Запись Сергея Лукьяненко о фантастике 9 апреля 2007 года
- Какое значение имели для вас книги Ивана Ефремова?
- Разумеется, это один из первых прочитанных мною фантастов. Я первый раз читал «Туманность Андромеды», когда мне было 5 или 6 лет. Я тогда проездом был в Москве, заболел, попал в детскую больницу, и помню, как были шокированы врачи, когда я, естественно, расстроившись от того, что меня отправляют в больницу одного, без родителей, со слезами на глазах попросил хотя бы принести недочитанную «Туманность Андромеды», чтобы было не так скучно лежать в больнице. От этого врачи пришли в полный ужас, стали говорить родителям «что вы себе позволяете, как вы воспитываете ребенка, если он у вас в пять лет читает такие взрослые книги?». Я был этим очень удивлен и расстроен, почему нельзя читать хорошие взрослые книги?
То есть знакомство с Ефремовым было ранним и увлекательным. Мне очень нравились поначалу, конечно, такие вещи более легкие, - «Туманность Андромеды» нельзя назвать совсем легкой, но такой увлекательный для ребенка сюжет. Потом, когда стал старше, читал «Час Быка», который у нас тогда книгой не рекомендуемой, но мне удалось достать старые номера «Техники-молодежи», где он печатался, и прочие вещи – «Лезвие бритвы».
Ефремов, действительно, был прекрасным представителем научной фантастики, - научной, которая не скатывалась в наукообразие, в простое перечисление каких-то гипотез, а он сочетал в себе и талант ученого, и, действительно, талант хорошего писателя.
- А как сама фантастика изменилась с его времени в наши дни?
- Во-первых, в то время фантастика имела право быть только научной в соответствии с научным мировоззрением.
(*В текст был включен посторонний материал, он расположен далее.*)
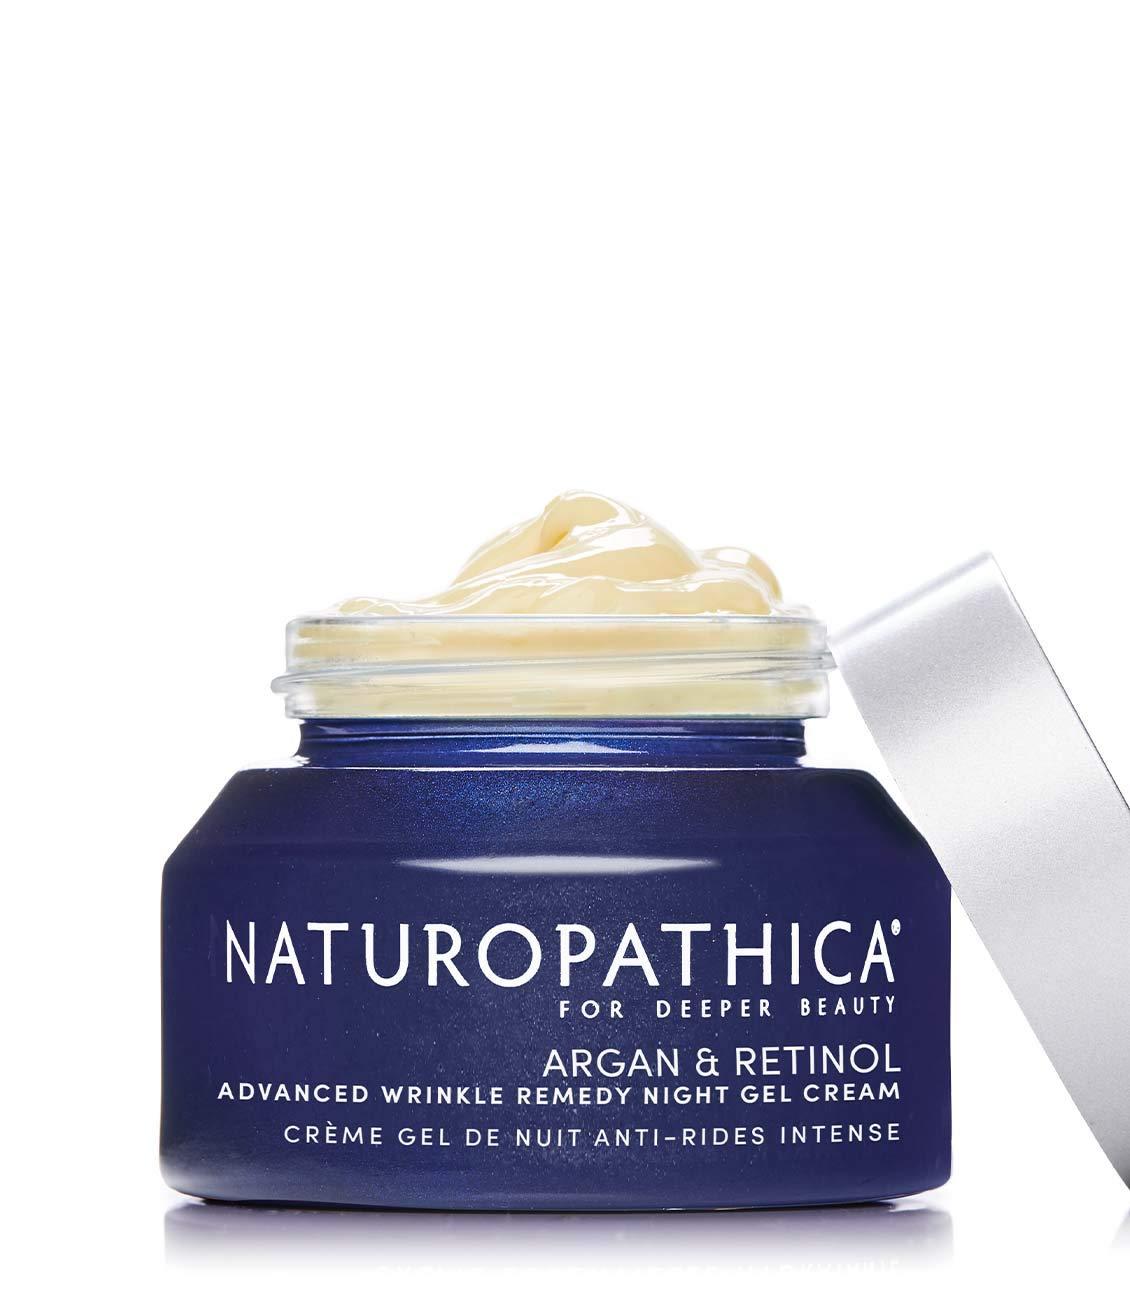 Naturopathica Argan & Retinol Wrinkle Repair Night Cream - Non-irritating Nighttime Facial Moisturizer - Vegan, Made in USA

И, конечно, фантастика обязана была быть позитивной. Нельзя было описывать ближайшее будущее, говоря, что оно будет плохим. В этом сомневаться было нельзя, поскольку все знали, что будущее будет хорошим, коммунистическим. Все попытки писателей выразить какое-то сомнение по поводу путей развития человечества, даже безотносительно к коммунизму или капитализму, пресекались достаточно жестко. Примером тому «Час Быка», где Ефремов описывал, может, китайскую модель развития социализма, но это сочли слишком опасным для господствовавшей тогда идеологии.
Отличие в том, что фантастика стала менее научной, - это стало не обязательным для фантастики, и фантастика стала не обязательно оптимистической. Теперь можно говорить о чем угодно и представлять любое будущее.
- А популярность фантастики в чем, кто читает, востребует?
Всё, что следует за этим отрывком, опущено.